* Exercise instructions
Print the data once more, exactly as given. Drop the pictures.

* Dataset section
*****

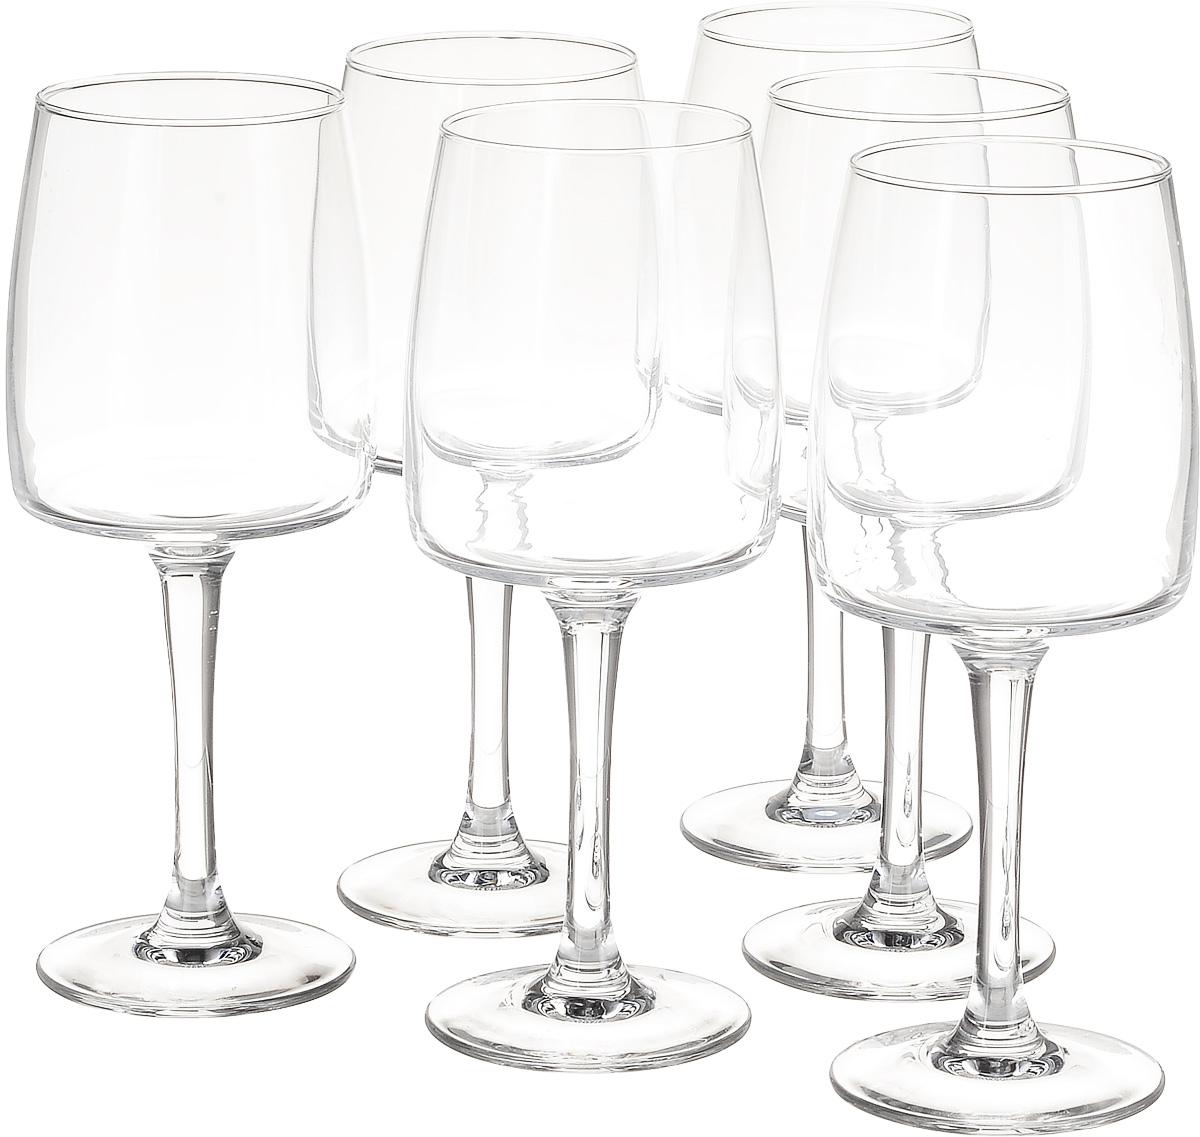 Набор бокалов для вина Luminarc Equip Home, 350 мл, 6 штJ1106Набор Luminarc Equip Home, выполненный из высококачественного стекла, состоит из 6 бокалов. Бокалы предназначены для подачи вина.Допускается мытье в посудомоечной машине. Стекло выдерживает резкий перепад температур до 135°С.Диаметр бокала (по верхнему краю): 6,3 см. Высота бокала: 20 см.
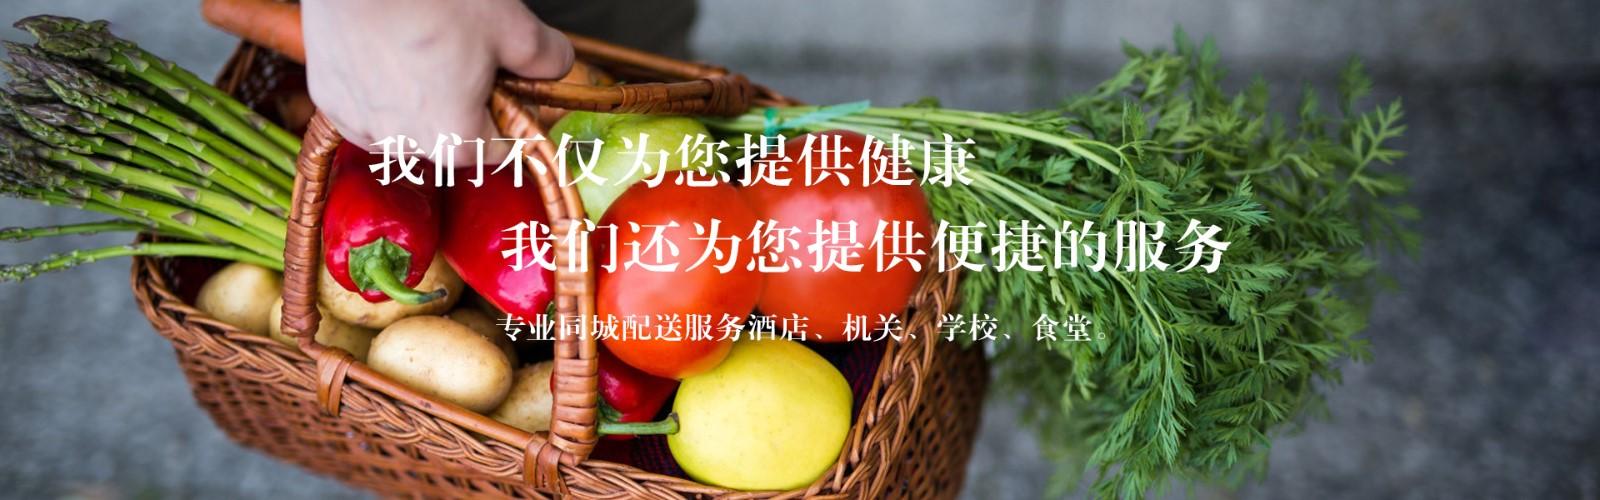 成都市录超农业有限责任公司
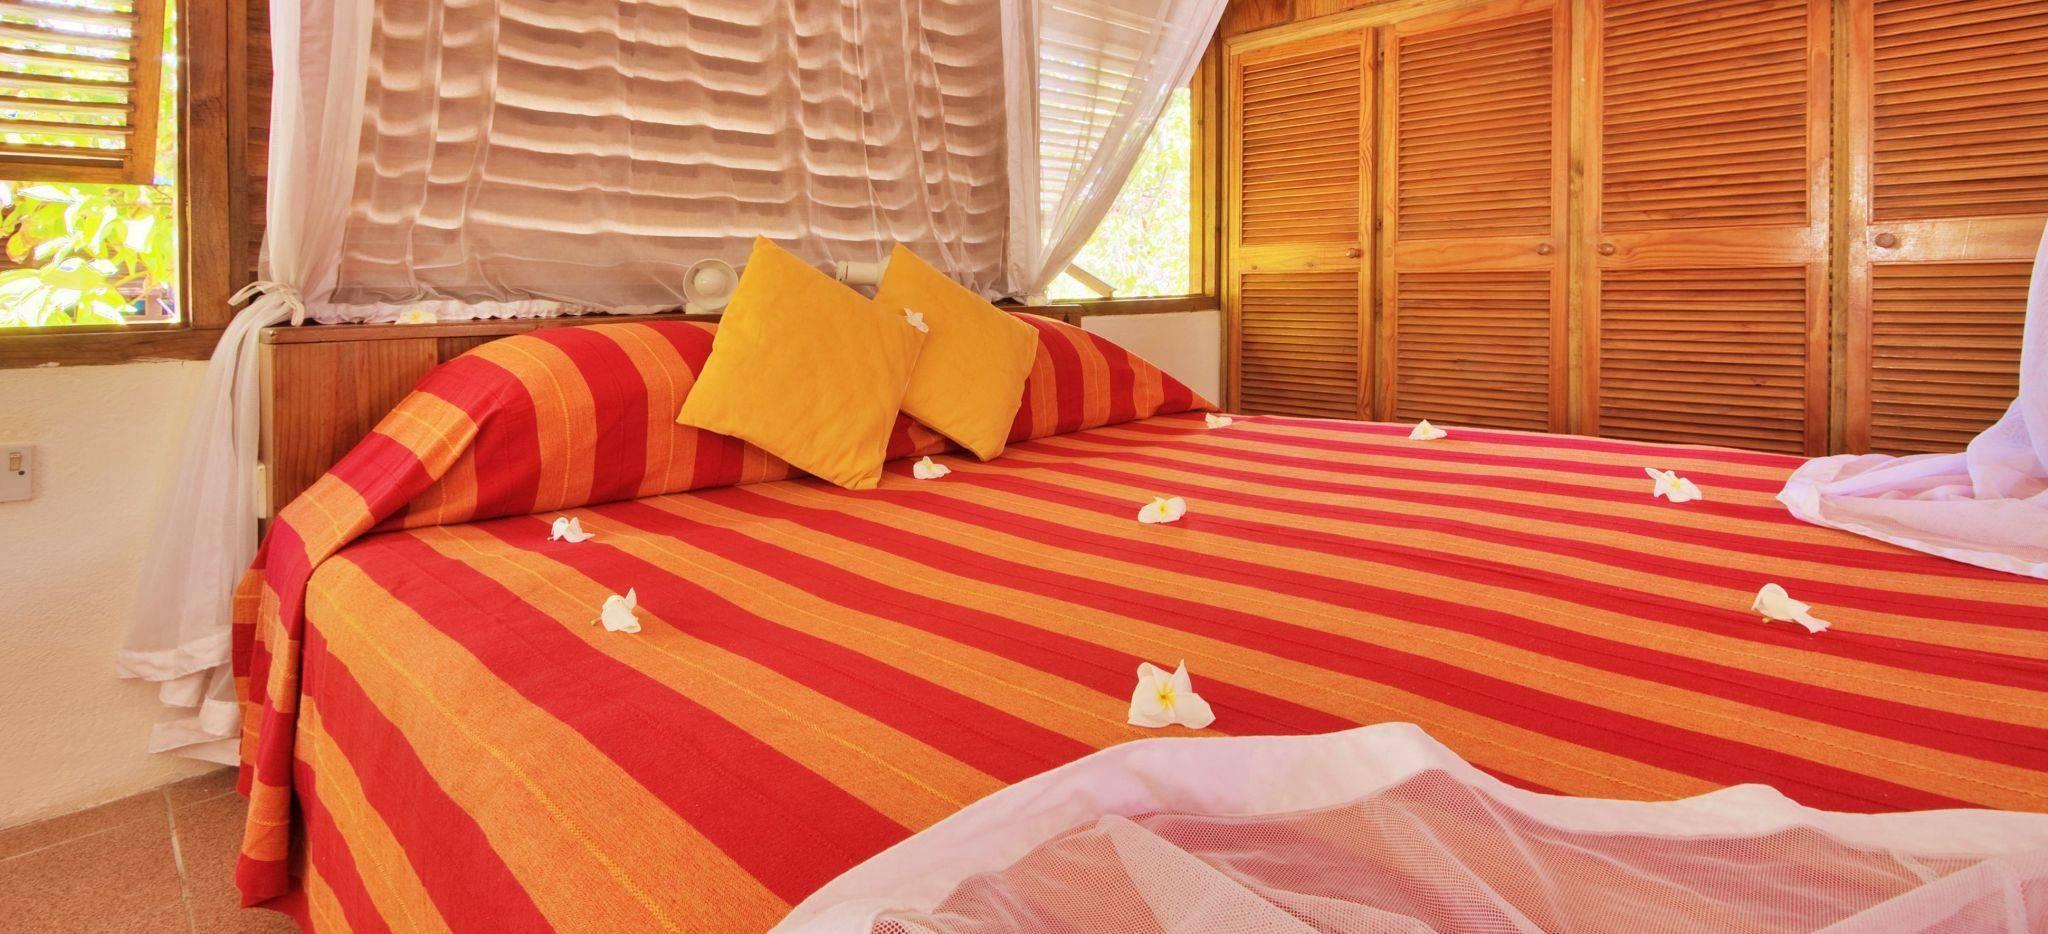 Das Schlafzimmer eines der Hotelzimmer im Hotel Bird Island, Seychellen

*****

* Answer
 Набор бокалов для вина Luminarc Equip Home, 350 мл, 6 штJ1106Набор Luminarc Equip Home, выполненный из высококачественного стекла, состоит из 6 бокалов. Бокалы предназначены для подачи вина.Допускается мытье в посудомоечной машине. Стекло выдерживает резкий перепад температур до 135°С.Диаметр бокала (по верхнему краю): 6,3 см. Высота бокала: 20 см.
 成都市录超农业有限责任公司
 Das Schlafzimmer eines der Hotelzimmer im Hotel Bird Island, Seychellen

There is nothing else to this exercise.